The next year, we only got three miles up the canyon. Trying to avoid the jungle next to the creek which had slowed us up the year before, we attempted to boulder-hop (with packs--oh joy) the whole way, along the western edge of the valley, but the rain caught us on the rocks, slowing our progress to a halt. We spent the night in a dripping grove of spruce, everything soaking wet, our skin scratched over with cuts and fir needles stuck to our backs. The next day, with no relief from the dampness in sight, we left. Once back in the vehicle and on our way down, I stopped to take a picture of the north face of Wood, screened behind a shifting curtain of sleet.

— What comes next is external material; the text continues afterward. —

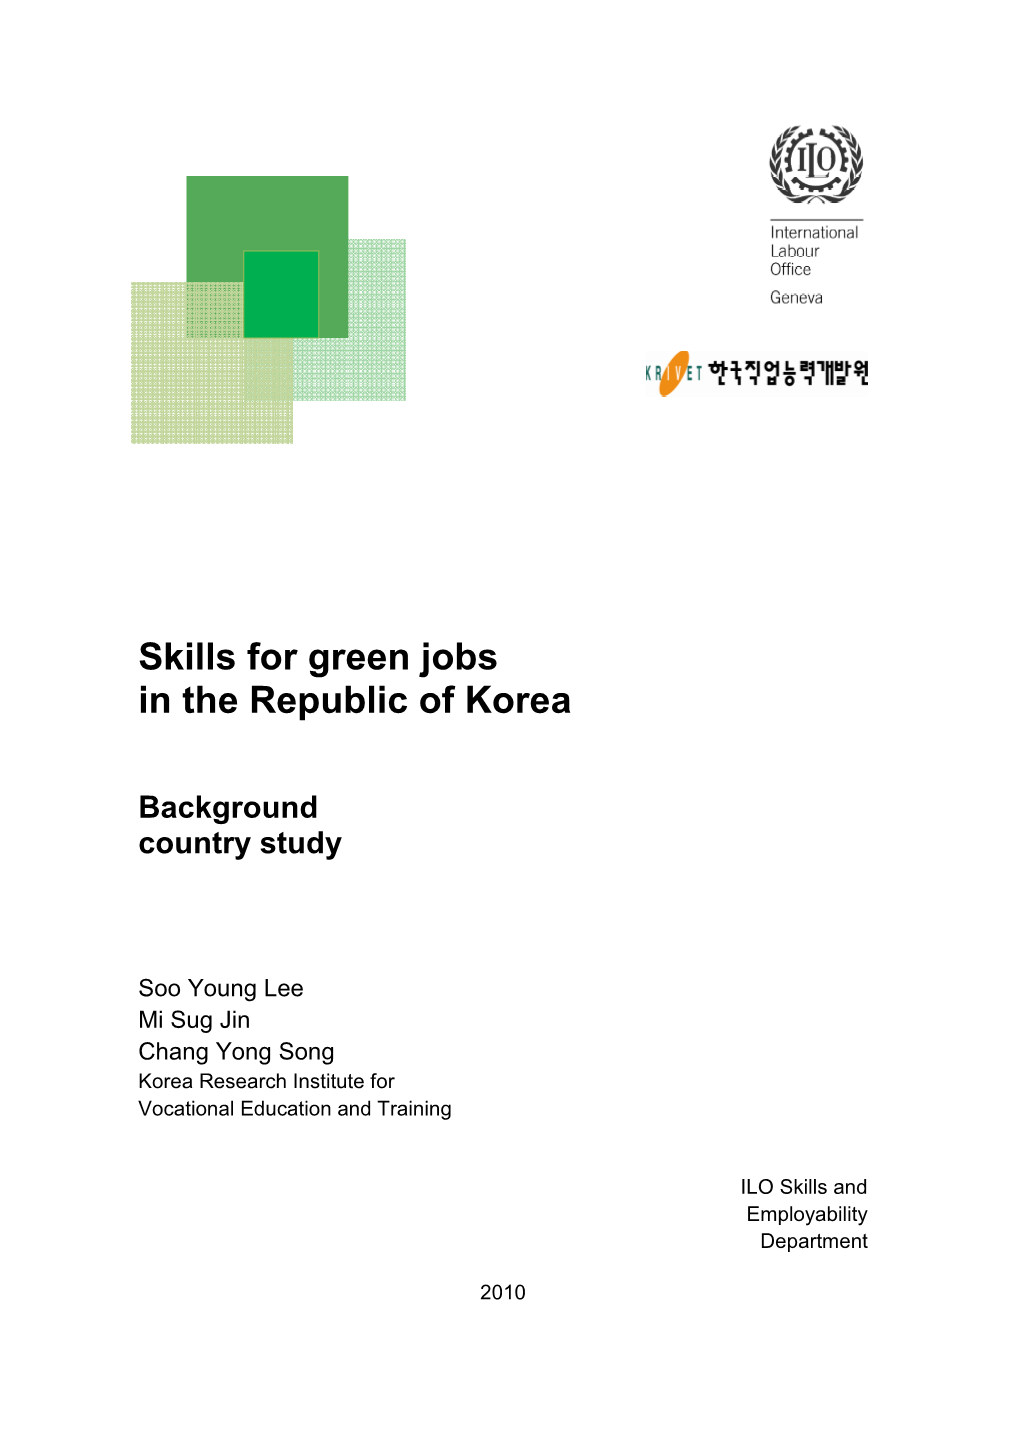 Skills for Green Jobs in the Republic of Korea
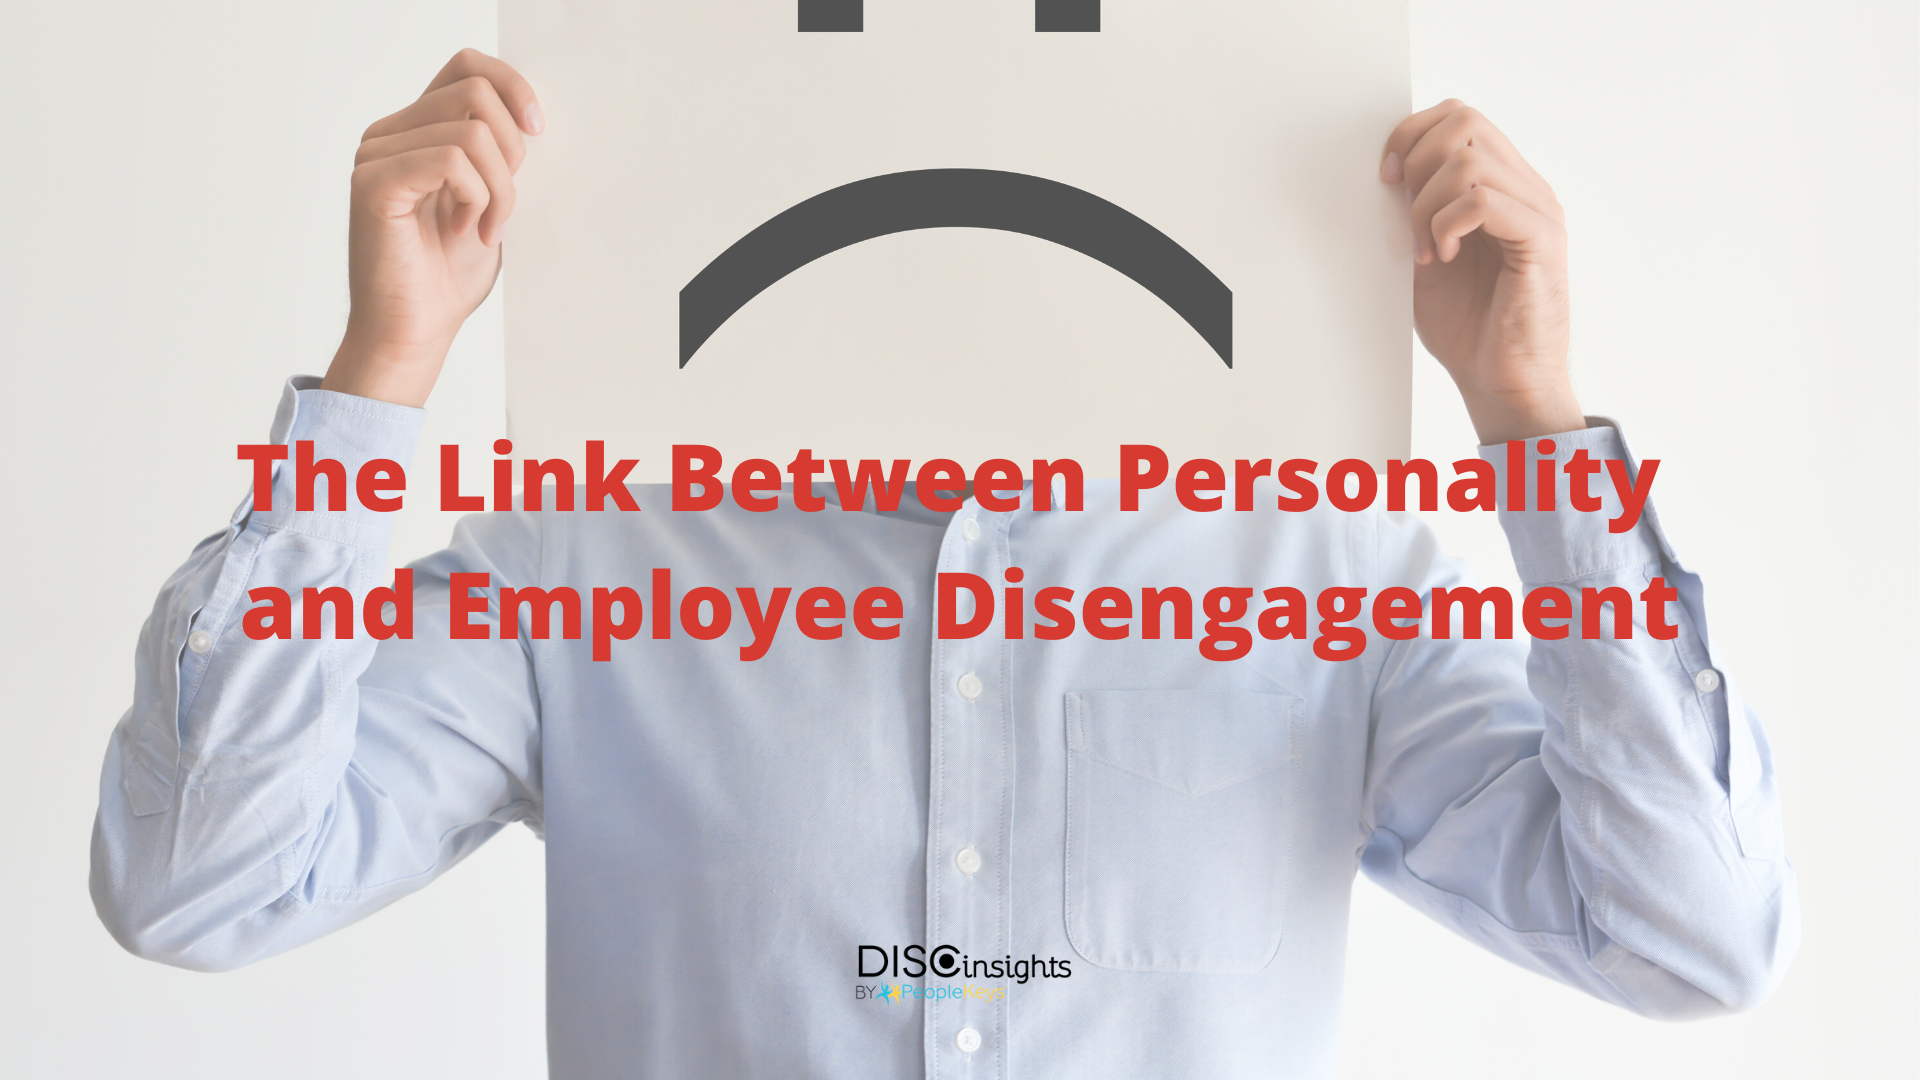 The Link Between Personality and Employee Disengagement

The moral of the story is: if'n you try it from the north, take the Stillwater Plateau. West Fishtail Creek Canyon has its rewards (I cannot impress upon you in this format how truly beautiful that valley is) but just getting up it is far more of a trial than the mountain itself presents. The basin may perhaps be more easily accessed by travelling up the plateau nearly to its highest point then descending steep talus, but if rotten weather hits, you're almost certainly better off in the West Fishtail Creek Jungle than exposed on the Stillwater Plateau.

Comments

No comments posted yet.



Sign in to post!

Don't have an account? Register now.



"Happiness is nothing more than good health and a bad memory."   --Albert Schweitzer   

© 2006 SummitPost.org. All Rights Reserved.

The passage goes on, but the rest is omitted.